Diplomacy is a contact sport. Like so much else during the Covid-19 pandemic, officials and leaders were hampered by not being able to meet face to face. Last week’s meeting of G7 leaders in Carbis Bay, Cornwall, was their first in-person gathering in almost two years. It had a sense of return to business after what one observer called the “zoom and gloom” of the pandemic.
The G7 grouping of countries is an easy one to criticise. As someone who has attended several of these summits, I know well the risks of them becoming talking shops with wordy communiques that are forgotten the moment the ink dries. Beyond the theatre, and the perennial questions of how to make this format inclusive, the real test is whether the agreements reached had any substance. This year, the group needed to show that countries could come together and address how we can all build back better from the pandemic, and unite to make the future greener and fairer.
The summit did this on three important shared challenges: coronavirus, climate change, and giving all girls a good education. All three are issues on which Pakistan is a vital partner.
First, on coronavirus, the G7 agreed that no-one is safe until everyone is safe. They recognised that we must work together to prevent an international catastrophe like Covid-19 from happening again. The UK’s own world-leading scientists developed the Oxford University-AstraZeneca vaccine which is now saving lives around the globe including in Pakistan. At the summit, the UK pledged to donate at least 100 million surplus vaccine doses within the next year, including 5 million starting in the coming weeks, and out of a total of 1 billion doses pledged by the G7; that’s on top of the £548 million we have committed to the global Covax facility so far, which will help supply at least 1.3 billion vaccine doses to over 90 countries. Over £1 billion of new UK aid will help end the pandemic as quickly as possible. Here in Pakistan we have pivoted our aid budget to help Pakistan fight Covid-19 and to help mitigate its health and economic impacts. G7 countries committed to a new “Pandemic Preparedness Partnership” to save countless lives from future diseases by reducing the time taken to develop new vaccines from 300 to 100 days; and the UK will set up a new Animal Vaccine Manufacturing Centre, building on British scientific excellence, that will help protect people from the risk of zoonotic diseases, here in Pakistan and globally.

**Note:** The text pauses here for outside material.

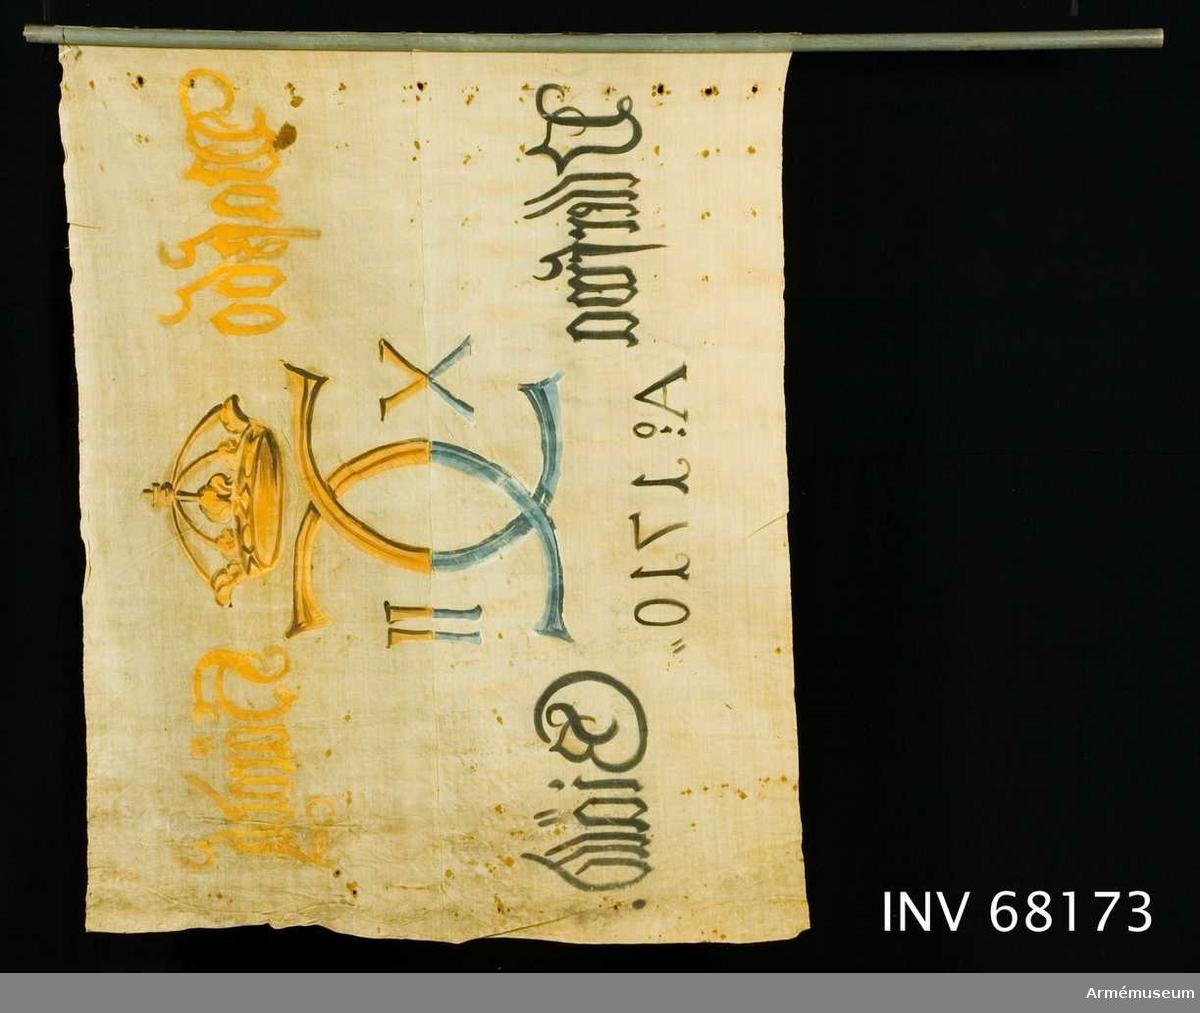 Duk: Tillverkad av enkel vit linnelärft. Sammankastad av två horisontella våder. Vertikala kantfållen lagd åt dukens utsida. Fäst med en rad järnnaglar på en liten skinnremsa, något rostfläckad.  Dekor: Målad endast på dukens utsida, i mitten Carl XII:s namnchiffer, dubbelt C, med sluten krönt krona. På ömse sidor om detta X-II i gult på övre våden, i blått och svart på den nedre.  Text på ömse sidor om chiffret, upptill i gul och nedtill i svart. Under chiffret text i svart.  Stång. Avsågad, blågråmålad.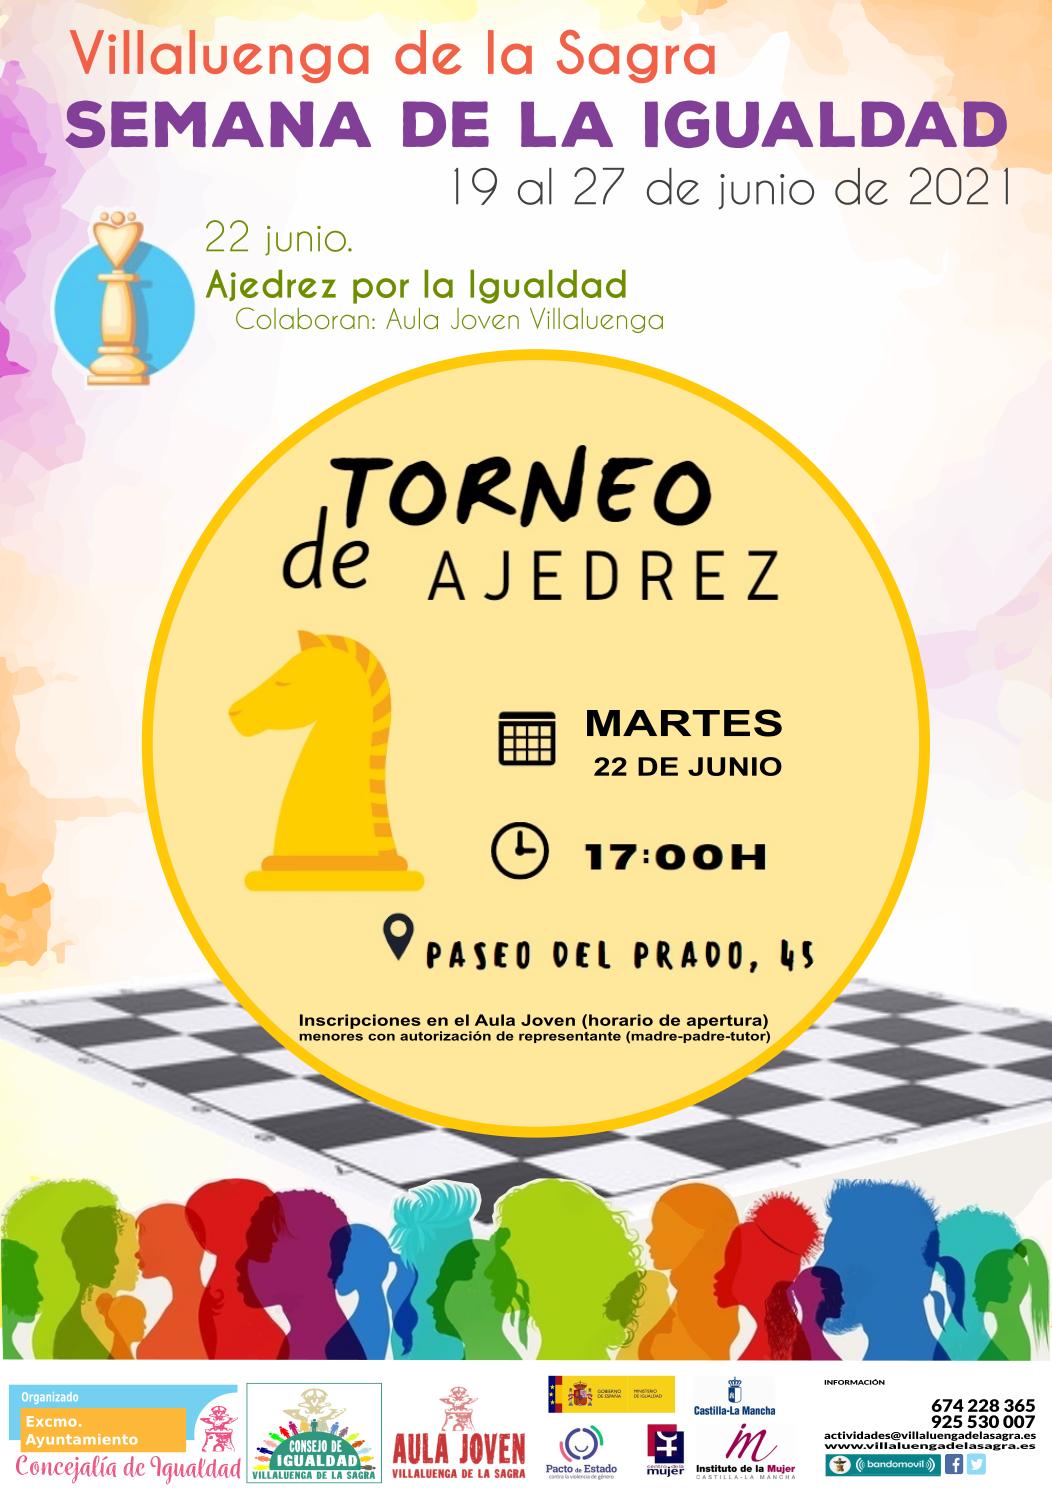 SEMANA IGUALDAD ajedrez2

Second, on climate change, the G7 agreed that we have to act now to save our planet. As Sir David Attenborough told G7 leaders, our scientific collaboration on vaccines has showed just how much we can achieve together if the goal is clear and urgent. There is much the world can learn from Pakistan as we look to build back better by protecting the environment. Pakistan’s pioneering pledge to plant 10 billion trees and its promise to end new coal power investments are being noticed across the globe. Earlier this month Prime Minister Boris Johnson saluted Pakistan’s efforts to set a global leadership example on environmental issues during his speech for World Environment Day, hosted in Islamabad. This was closely followed by a phone call between Prime Minister Boris Johnson and Prime Minister Imran Khan, underlining the ongoing friendship between our two nations. At the G7, the UK built on its ambitious pledge to cut carbon emissions by 78% by 2035 compared to 1990 levels with further commitments on green finance, protecting our oceans, and on nature conservation. Leaders also committed to conserve or protect at least 30 per cent of land globally by the end of the decade, something Pakistan has already committed to. The UK will host the UN’s COP26 Climate Change Summit later this year, and will ensure a voice for the world’s most climate-vulnerable countries. Further ambitious commitments from Pakistan will send a powerful signal to the rest of the world.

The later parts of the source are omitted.